### SOURCE MATERIAL ###

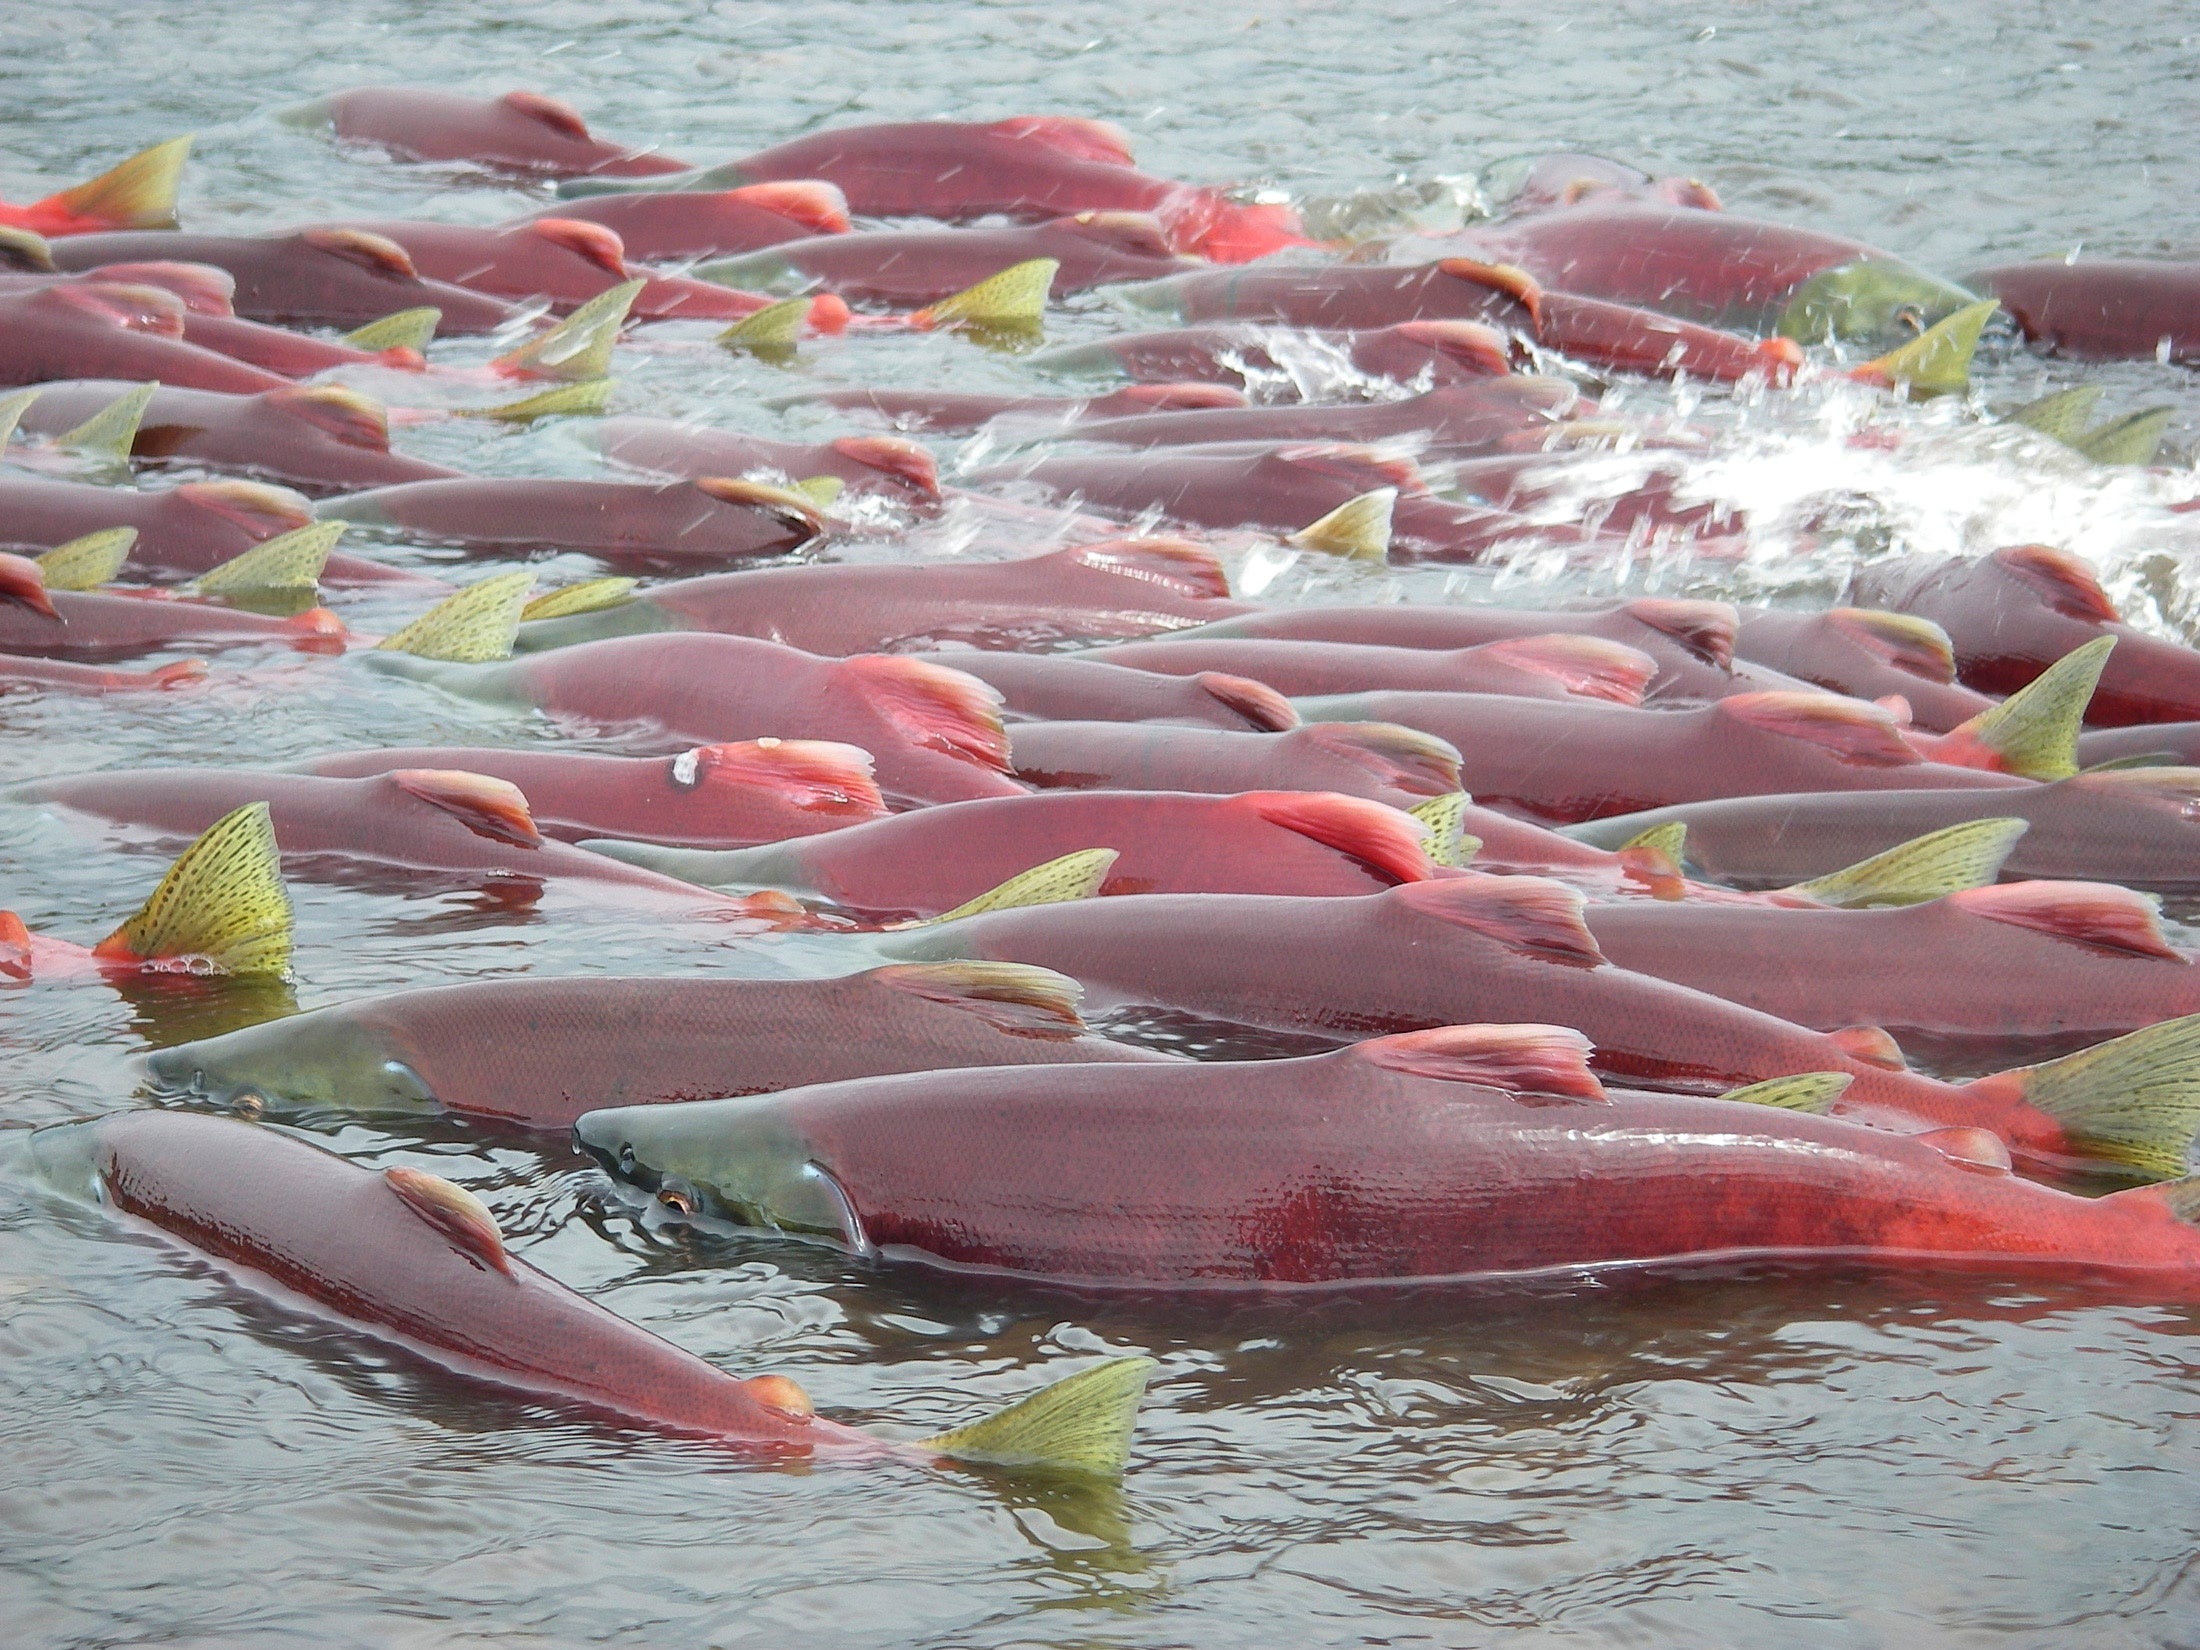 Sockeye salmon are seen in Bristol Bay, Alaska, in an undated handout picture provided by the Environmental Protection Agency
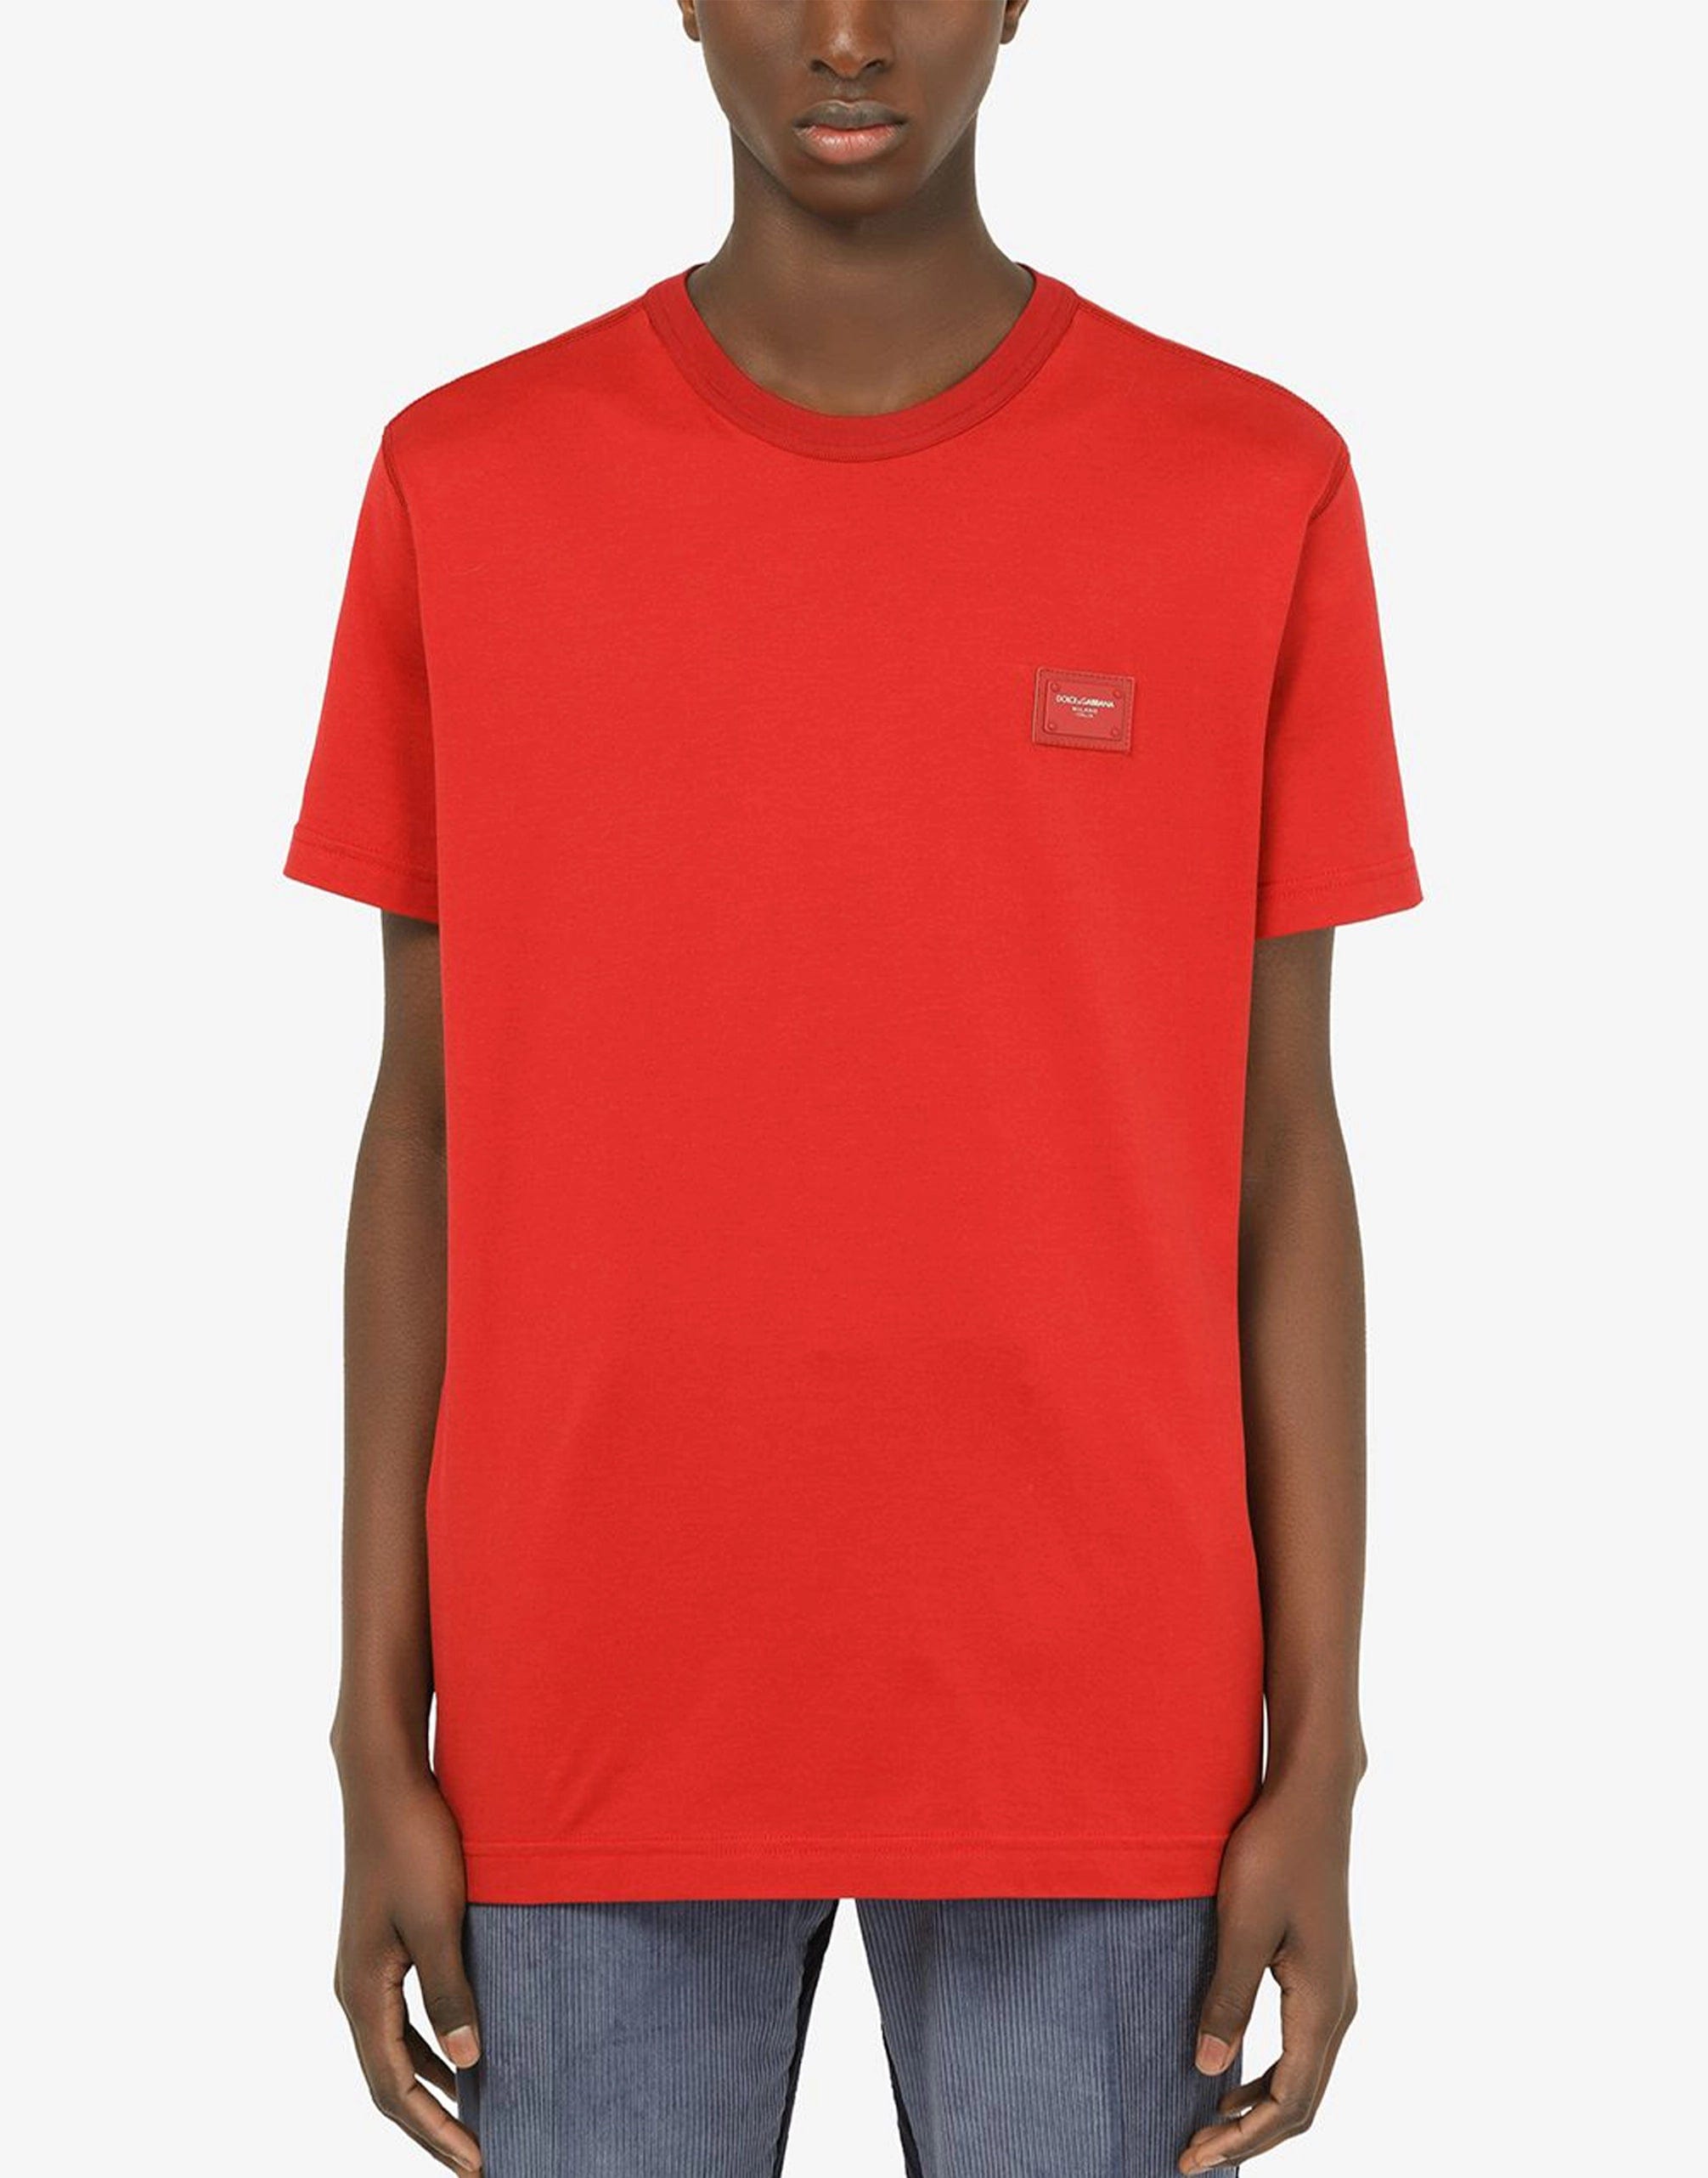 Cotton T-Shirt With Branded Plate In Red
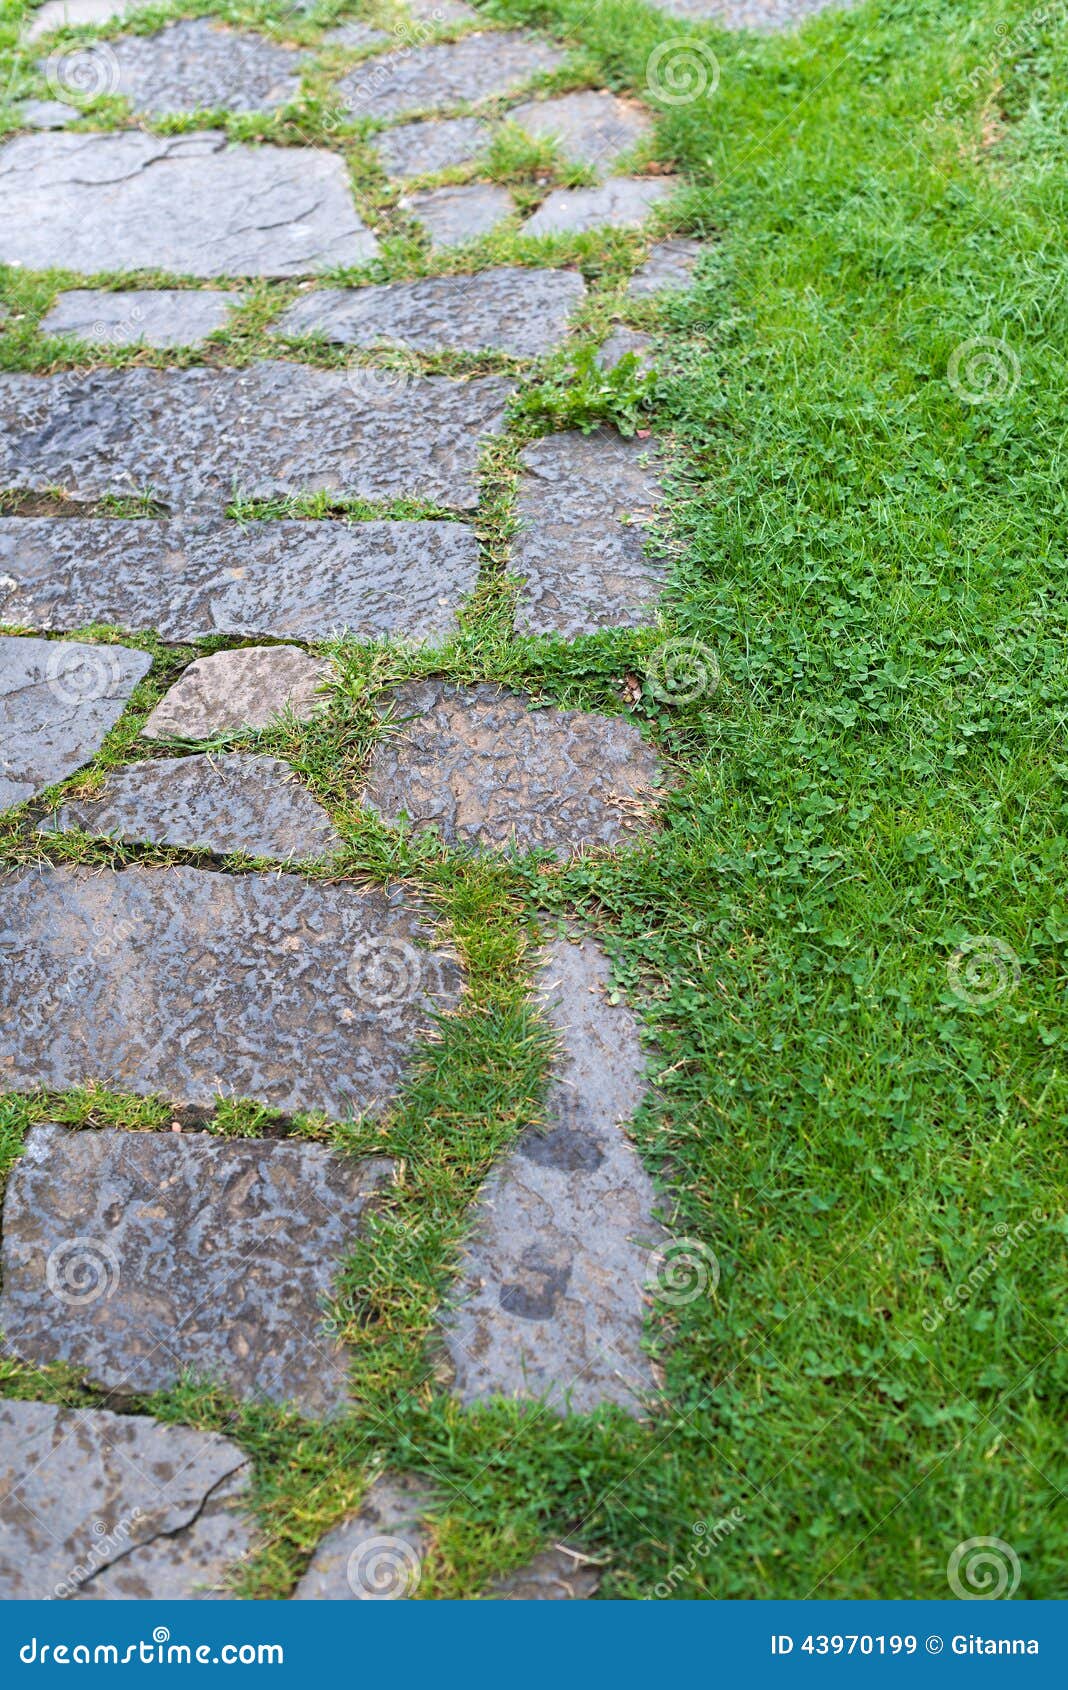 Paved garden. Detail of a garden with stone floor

###

#### WHAT TO DO
Write out the data word for word. Any picture is to be skipped.

#### ANSWER TO THIS EXERCISE
 Sockeye salmon are seen in Bristol Bay, Alaska, in an undated handout picture provided by the Environmental Protection Agency
 Cotton T-Shirt With Branded Plate In Red
 Paved garden. Detail of a garden with stone floor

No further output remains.